Drivers' perception of their vehicle's performance and its drivability is now determined less by its mechanical properties and more by the various software models residing in control systems interposed between the driver and the vehicle's actuating hardware. Most drivers are unaware of the degree to which their vehicles have become "drive by wire", making them, the driver, more of a vehicle commander than a controller. In the latter role the human uses the vehicle controls, including the accelerator pedal, to communicate his or her intention, but it is the engine control unit (ECU), calibrated and mapped in the test cell, that determines how and if the intention is carried out. In the lifetime of this volume this trend will develop to the point, perhaps, where driver behavior is regionally constrained.

Twenty years ago drivability attributes were largely the direct result of the mechanical configuration of the powertrain and vehicle.

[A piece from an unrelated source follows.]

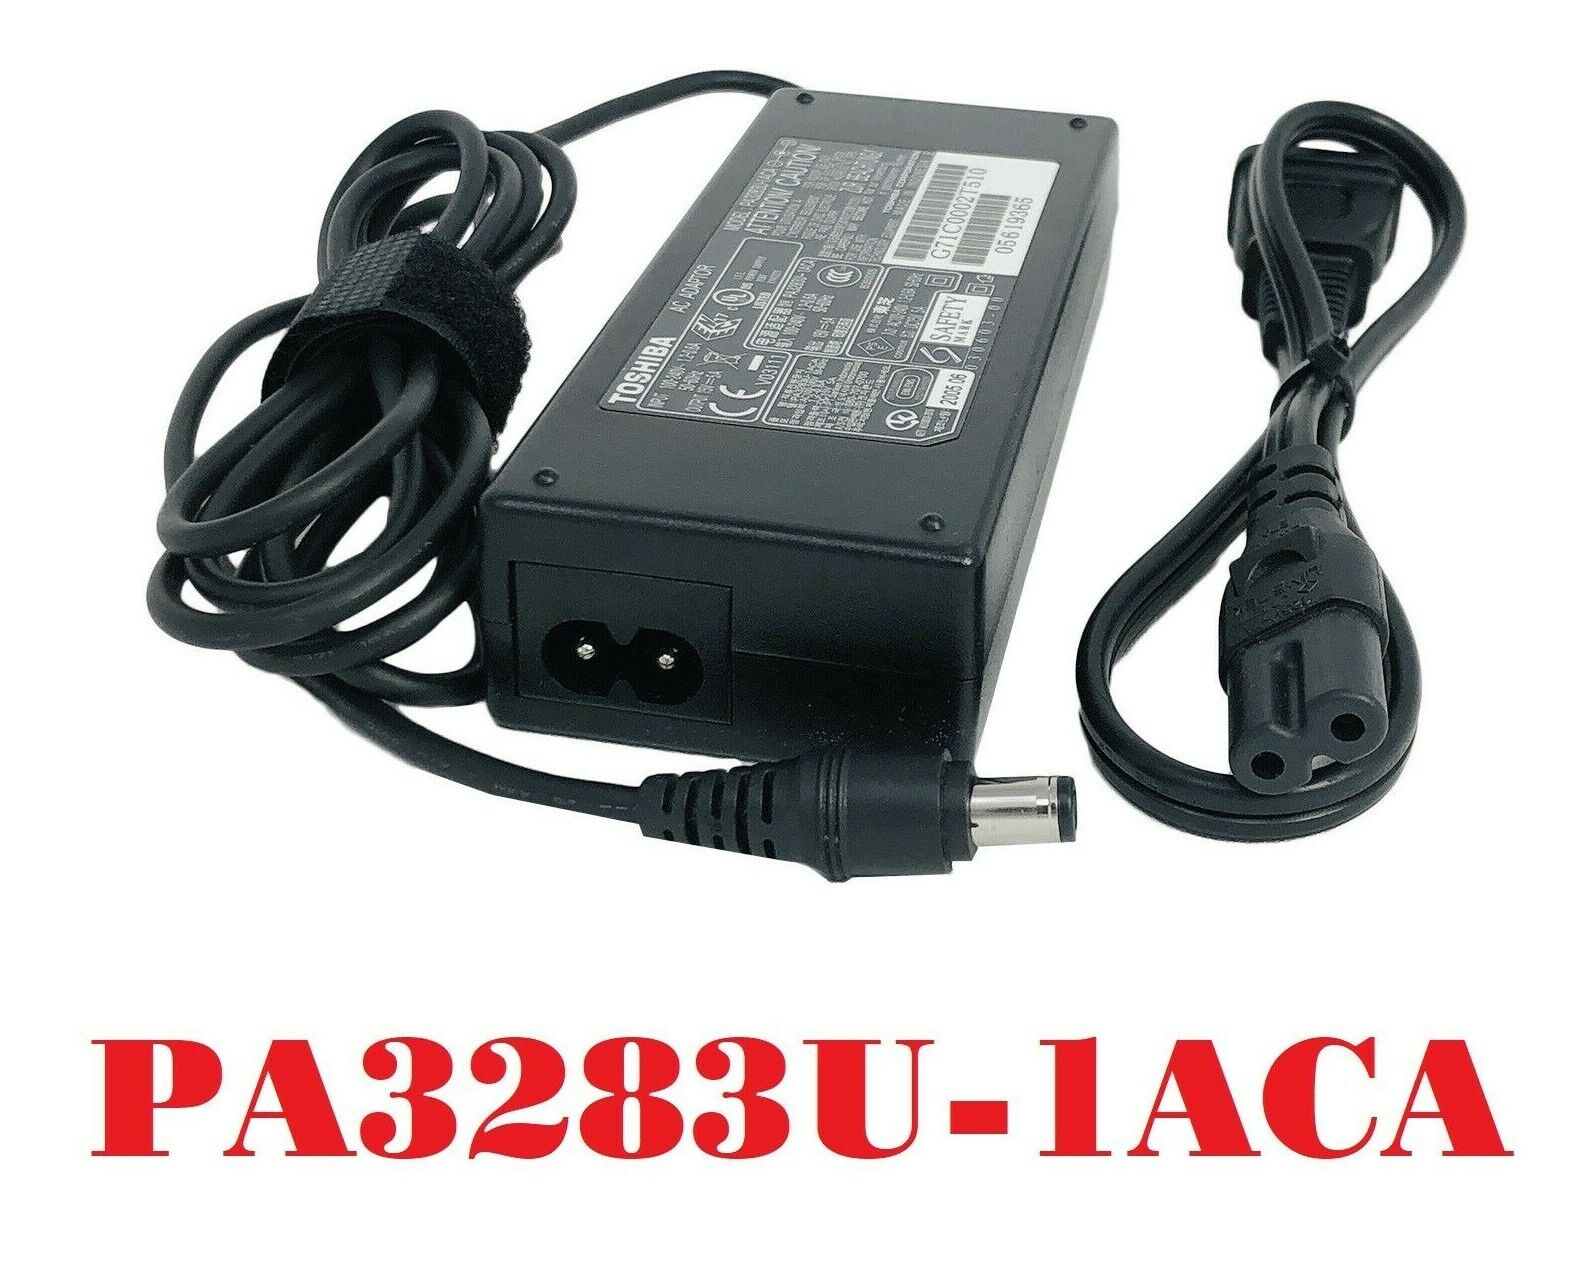 Genuine Toshiba PA3283U-1ACA 75W Laptop AC Power Supply Adapter w/Cord

Drivability and performance would be tuned by changing that configuration, but today it is the test engineers and software developers that select and enforce, through control "maps", the powertrain and vehicle characteristics.

In all but motor sport applications the primary criteria for the selected performance maps are those of meeting the requirements of legislative tests, and only secondarily the needs of user profiles within their target market.

Both US and European legislation is now requiring the installation, in new light vehicles, of vehicle stability systems that, in a predetermined set of circumstances, judge that the driver is about to lose control or, in conditions that are outside a pre-programmed norm, intervenes and, depending on one's view, either takes over powertrain control and attempts to "correct" the driver's actions, or assists the driver to keep a conventional model of vehicle control.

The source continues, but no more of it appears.